EU chiefs have demanded that Britain accepts freedom of movement during a Brexit transition phase, after it confirmed today that we can finally start talking about a trade deal.
Guidelines issued today from Brussels say Britain must continue to “participate” in the Customs Union and Single Market – along with abiding by rules on unlimited EU immigration.
Today European leaders unanimously agreed we can finally move on to phase two of Brexit talks, which will discuss a transition agreement and a future trade deal.
The news was announced in a tweet from EU boss Donald Tusk, with Theresa May hailing the breakthrough “an important step on the road to delivering a smooth and orderly Brexit and forging our deep and special future partnership.”

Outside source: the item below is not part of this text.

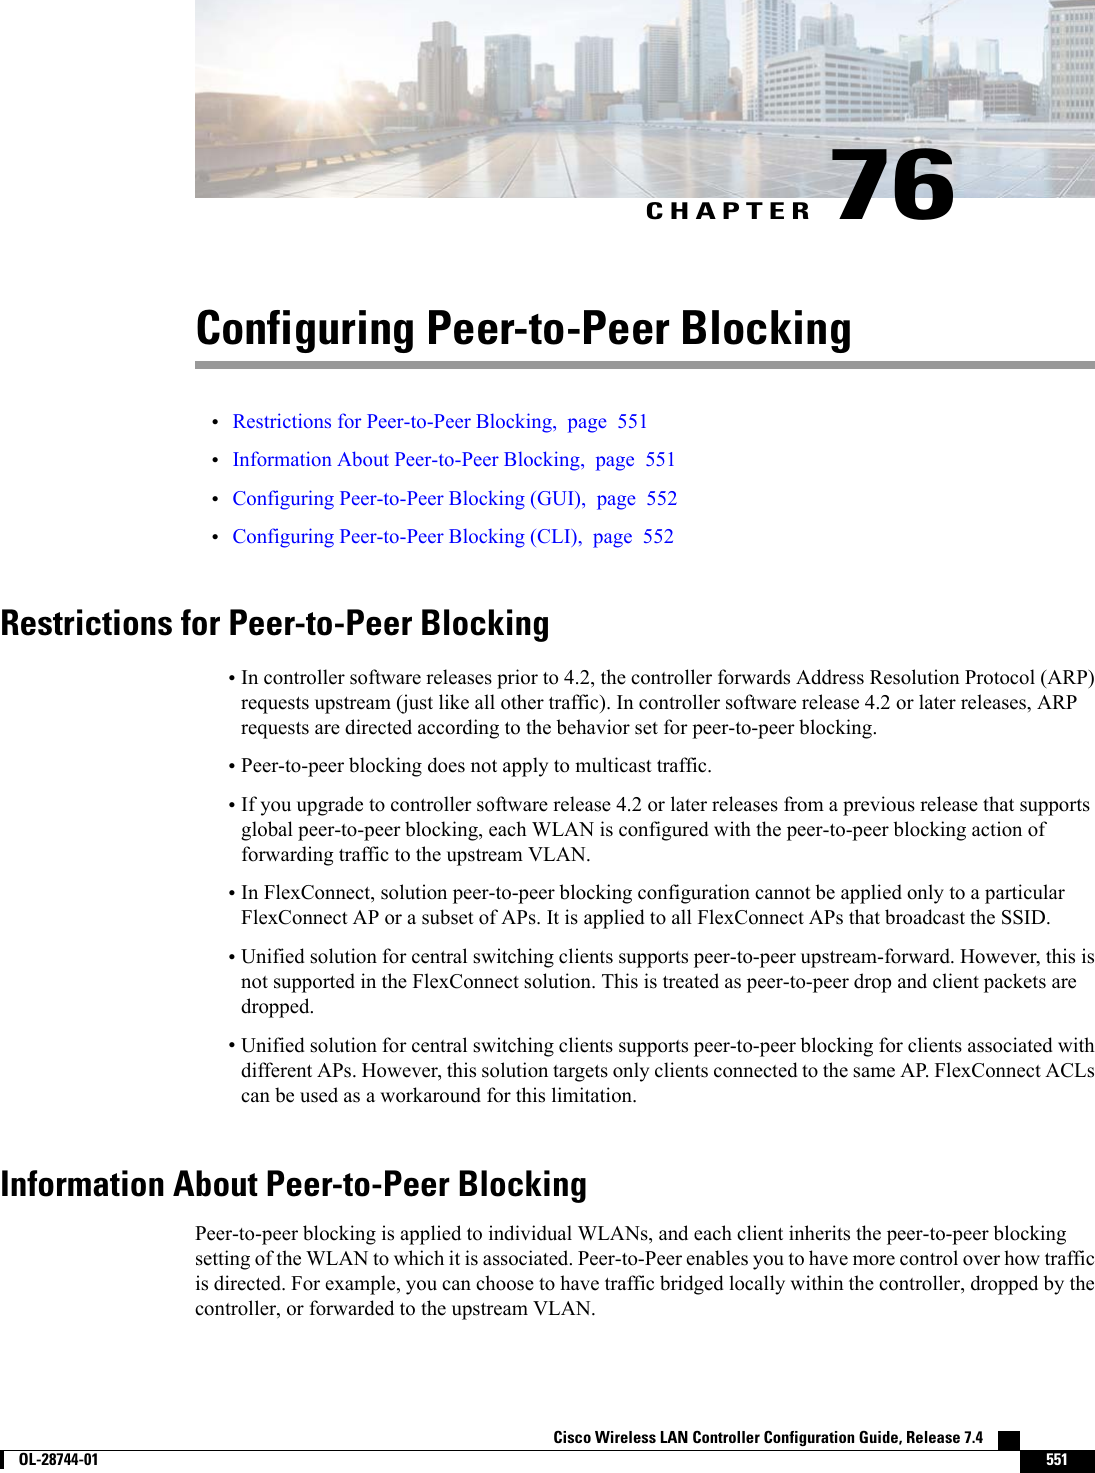 CHAPTER 76Configuring Peer-to-Peer Blocking•Restrictions for Peer-to-Peer Blocking, page 551•Information About Peer-to-Peer Blocking, page 551•Configuring Peer-to-Peer Blocking (GUI), page 552•Configuring Peer-to-Peer Blocking (CLI), page 552Restrictions for Peer-to-Peer Blocking•In controller software releases prior to 4.2, the controller forwards Address Resolution Protocol (ARP)requests upstream (just like all other traffic). In controller software release 4.2 or later releases, ARPrequests are directed according to the behavior set for peer-to-peer blocking.•Peer-to-peer blocking does not apply to multicast traffic.•If you upgrade to controller software release 4.2 or later releases from a previous release that supportsglobal peer-to-peer blocking, each WLAN is configured with the peer-to-peer blocking action offorwarding traffic to the upstream VLAN.•In FlexConnect, solution peer-to-peer blocking configuration cannot be applied only to a particularFlexConnect AP or a subset of APs. It is applied to all FlexConnect APs that broadcast the SSID.•Unified solution for central switching clients supports peer-to-peer upstream-forward. However, this isnot supported in the FlexConnect solution. This is treated as peer-to-peer drop and client packets aredropped.•Unified solution for central switching clients supports peer-to-peer blocking for clients associated withdifferent APs. However, this solution targets only clients connected to the same AP. FlexConnect ACLscan be used as a workaround for this limitation.Information About Peer-to-Peer BlockingPeer-to-peer blocking is applied to individual WLANs, and each client inherits the peer-to-peer blockingsetting of the WLAN to which it is associated. Peer-to-Peer enables you to have more control over how trafficis directed. For example, you can choose to have traffic bridged locally within the controller, dropped by thecontroller, or forwarded to the upstream VLAN.Cisco Wireless LAN Controller Configuration Guide, Release 7.4        OL-28744-01 551

But in the guidelines adopted today it said: “the United Kingdom will continue to participate in the Customs Union and the Single Market (with all four freedoms)” during any transition deal after March 2019 – and will have to abide by rulings from the hated European Court of Justice.
Talks will start in the New Year on agreeing a time-limited transitional arrangement with the bloc – but during that time we won’t have a say in the creation of any new EU rules, or be allowed to sit on any of their bodies.
This afternoon the Institute of Economic Affairs think tank accused Mrs May of putting “Brexit on hold” and risked trapping the UK in a soft Brexit.
The Prime Minister promised today to make “rapid progress” on an implementation period “to give certainty to businesses and individuals”.
And she vowed to begin talks about our future relationship “straight away” to help “build a Britain fit for the future”.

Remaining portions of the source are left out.